Late last week, a federal judge determined that accounting giant PricewaterhouseCoopers (PwC) was negligent in its auditing of Colonial Bank, the Alabama institution that failed in 2009 in the midst of the financial crisis. Colonial failed as a result of a $2 billion fraud orchestrated by Florida-based mortgage lender Taylor Bean & Whitaker, a major Colonial customer, which was cooking its books to cover for hundreds of millions in nonexistent mortgages. PwC would have uncovered the fraud at its inception if it had simply pulled individual mortgage documents to verify that Taylor Bean was actually putting up collateral for its loans. Instead, PwC assigned a college intern to audit the $589 million Colonial account.
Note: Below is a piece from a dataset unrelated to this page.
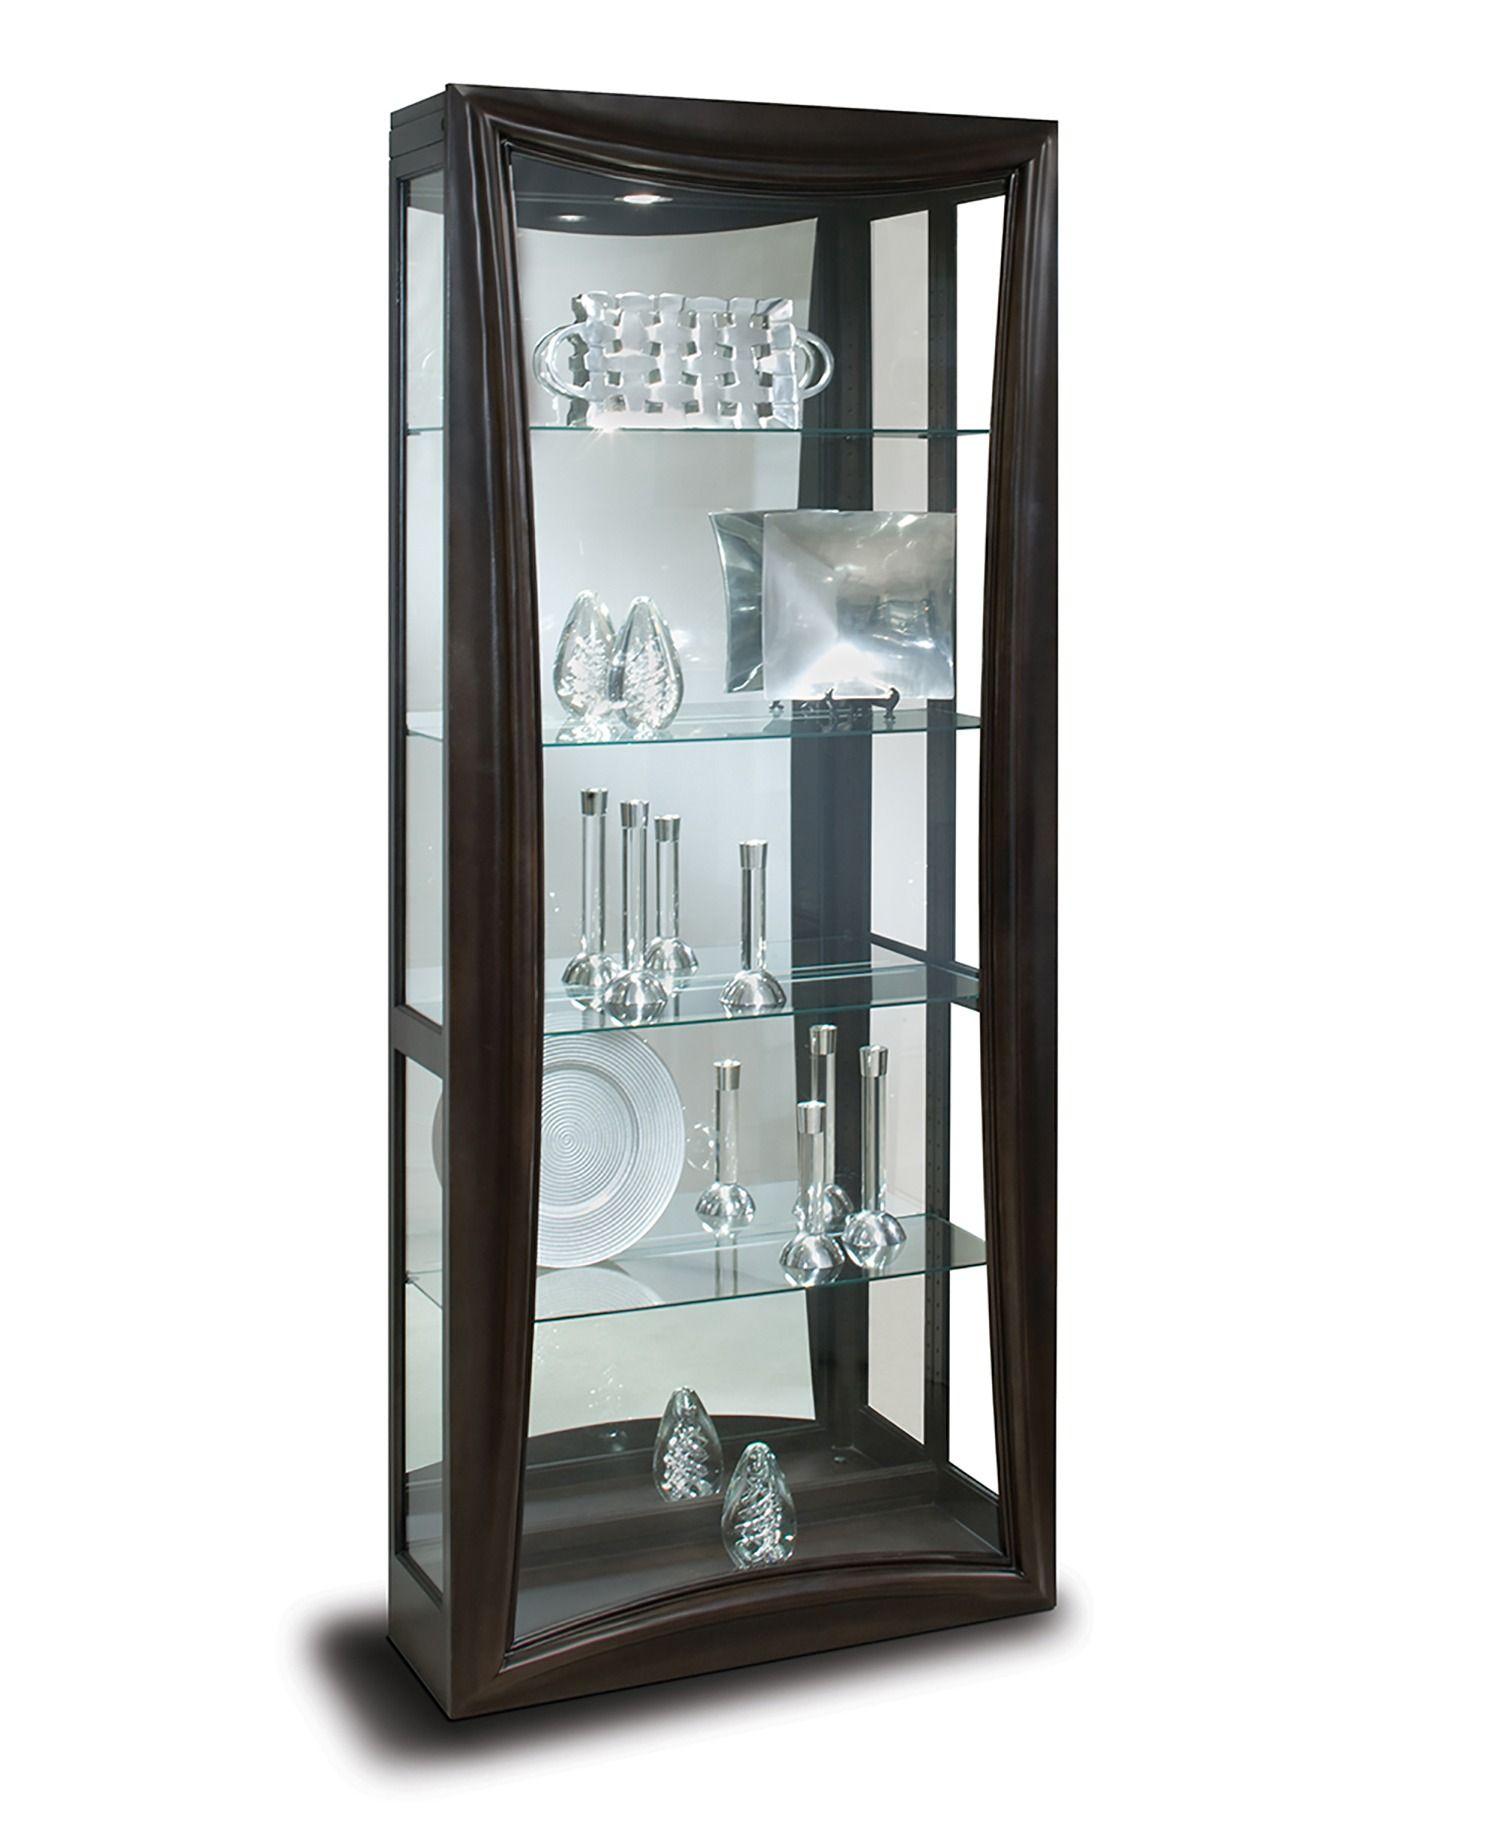 Gemini Ii 2 Way Sliding Door Curio Cabinet In Dark Espresso Philip Reinisch Furniture Home Gallery Stores Curio Cabinet Small Curio Cabinet Cabinet

The lawsuit against PwC was brought by the FDIC, which had to pay $2.8 billion to cover Colonial’s collapse. In her judgment, federal district court judge Barbara Jacobs Rothstein said PwC failed to perform adequate checks to determine that Colonial’s financial statements were fairly stated. Following the ruling, PwC noted that the judge rejected four of the five main claims made by the plaintiffs, and that numerous employees at the bank “actively and substantially interfered” with its audit.
This isn’t the first time that PwC has been forced to account for its auditing failures in connection with Colonial. In August of 2016, PwC settled a $5.5 billion lawsuit brought against it by Taylor Bean’s bankruptcy trustee. And, earlier that year, accounting firm Deloitte & Touche reached a settlement with Freddie Mac over similar allegations of gross negligence in connection with that firm’s audits of Taylor Bean.